What you have to do: With both ends included, repeat exactly the lines of the entries below from the one containing "Desti Floral Ruffle" down to the one containing "Seal And Serpent Crest", and no others.

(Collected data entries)
------------------------------------

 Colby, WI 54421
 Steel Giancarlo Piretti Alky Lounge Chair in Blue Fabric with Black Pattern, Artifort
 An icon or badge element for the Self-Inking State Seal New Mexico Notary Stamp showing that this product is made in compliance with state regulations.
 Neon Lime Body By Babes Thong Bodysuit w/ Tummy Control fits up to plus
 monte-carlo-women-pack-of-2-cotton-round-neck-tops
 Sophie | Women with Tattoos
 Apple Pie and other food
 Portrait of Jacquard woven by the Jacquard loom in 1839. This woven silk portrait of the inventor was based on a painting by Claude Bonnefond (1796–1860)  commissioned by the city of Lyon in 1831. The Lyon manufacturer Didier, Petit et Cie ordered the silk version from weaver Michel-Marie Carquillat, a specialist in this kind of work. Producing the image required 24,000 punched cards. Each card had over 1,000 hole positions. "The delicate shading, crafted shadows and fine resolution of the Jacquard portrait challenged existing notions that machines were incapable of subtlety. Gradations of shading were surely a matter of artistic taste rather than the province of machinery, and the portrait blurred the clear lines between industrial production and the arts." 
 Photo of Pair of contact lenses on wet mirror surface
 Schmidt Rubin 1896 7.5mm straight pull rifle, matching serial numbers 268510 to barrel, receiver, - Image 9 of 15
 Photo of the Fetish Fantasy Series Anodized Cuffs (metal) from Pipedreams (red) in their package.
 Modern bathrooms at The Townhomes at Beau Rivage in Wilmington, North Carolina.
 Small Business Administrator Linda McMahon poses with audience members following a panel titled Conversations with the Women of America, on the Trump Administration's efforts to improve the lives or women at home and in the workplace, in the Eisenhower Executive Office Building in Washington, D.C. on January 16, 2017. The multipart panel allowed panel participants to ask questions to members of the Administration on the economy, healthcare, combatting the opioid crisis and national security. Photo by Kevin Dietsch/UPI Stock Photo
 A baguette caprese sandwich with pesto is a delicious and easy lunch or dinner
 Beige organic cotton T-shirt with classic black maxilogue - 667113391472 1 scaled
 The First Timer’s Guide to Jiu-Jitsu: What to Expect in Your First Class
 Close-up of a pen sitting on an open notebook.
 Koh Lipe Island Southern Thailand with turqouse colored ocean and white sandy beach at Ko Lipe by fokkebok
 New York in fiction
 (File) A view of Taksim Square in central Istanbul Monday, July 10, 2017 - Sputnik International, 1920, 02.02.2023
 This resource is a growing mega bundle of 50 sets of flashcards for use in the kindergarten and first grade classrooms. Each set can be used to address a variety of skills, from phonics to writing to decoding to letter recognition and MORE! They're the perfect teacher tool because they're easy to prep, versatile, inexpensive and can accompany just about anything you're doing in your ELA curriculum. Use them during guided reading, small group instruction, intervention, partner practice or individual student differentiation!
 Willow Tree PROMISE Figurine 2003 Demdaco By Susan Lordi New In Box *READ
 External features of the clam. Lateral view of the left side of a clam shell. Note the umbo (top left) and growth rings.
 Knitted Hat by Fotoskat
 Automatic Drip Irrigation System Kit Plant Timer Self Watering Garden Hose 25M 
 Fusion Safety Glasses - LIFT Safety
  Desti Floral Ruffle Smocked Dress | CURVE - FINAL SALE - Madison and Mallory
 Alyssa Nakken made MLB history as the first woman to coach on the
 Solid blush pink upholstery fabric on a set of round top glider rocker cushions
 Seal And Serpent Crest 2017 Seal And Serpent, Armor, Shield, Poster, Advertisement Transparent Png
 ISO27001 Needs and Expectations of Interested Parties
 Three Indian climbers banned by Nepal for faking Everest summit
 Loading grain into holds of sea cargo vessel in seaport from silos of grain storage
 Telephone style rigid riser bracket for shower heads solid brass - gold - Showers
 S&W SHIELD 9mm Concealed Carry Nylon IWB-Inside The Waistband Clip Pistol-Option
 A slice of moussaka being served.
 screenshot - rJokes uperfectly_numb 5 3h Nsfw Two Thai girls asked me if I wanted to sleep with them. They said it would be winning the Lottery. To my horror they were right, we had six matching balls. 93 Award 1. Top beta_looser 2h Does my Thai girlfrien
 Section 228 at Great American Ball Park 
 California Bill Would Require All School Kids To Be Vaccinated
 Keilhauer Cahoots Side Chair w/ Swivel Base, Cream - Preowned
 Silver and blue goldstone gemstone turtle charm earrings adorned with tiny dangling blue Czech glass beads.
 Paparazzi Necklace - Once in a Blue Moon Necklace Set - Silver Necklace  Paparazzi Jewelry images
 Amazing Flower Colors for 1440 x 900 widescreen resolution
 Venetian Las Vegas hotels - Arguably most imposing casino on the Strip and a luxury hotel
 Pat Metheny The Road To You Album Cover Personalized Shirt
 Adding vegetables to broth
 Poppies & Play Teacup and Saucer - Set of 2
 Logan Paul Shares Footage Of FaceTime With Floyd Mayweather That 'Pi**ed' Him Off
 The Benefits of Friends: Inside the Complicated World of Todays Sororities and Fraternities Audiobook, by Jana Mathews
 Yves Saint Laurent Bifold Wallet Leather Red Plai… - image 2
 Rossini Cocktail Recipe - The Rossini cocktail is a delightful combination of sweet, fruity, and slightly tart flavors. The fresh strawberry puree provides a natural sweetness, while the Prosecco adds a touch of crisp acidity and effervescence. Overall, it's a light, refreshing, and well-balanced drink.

------------------------------------

Response for this exercise:
  Desti Floral Ruffle Smocked Dress | CURVE - FINAL SALE - Madison and Mallory
 Alyssa Nakken made MLB history as the first woman to coach on the
 Solid blush pink upholstery fabric on a set of round top glider rocker cushions
 Seal And Serpent Crest 2017 Seal And Serpent, Armor, Shield, Poster, Advertisement Transparent Png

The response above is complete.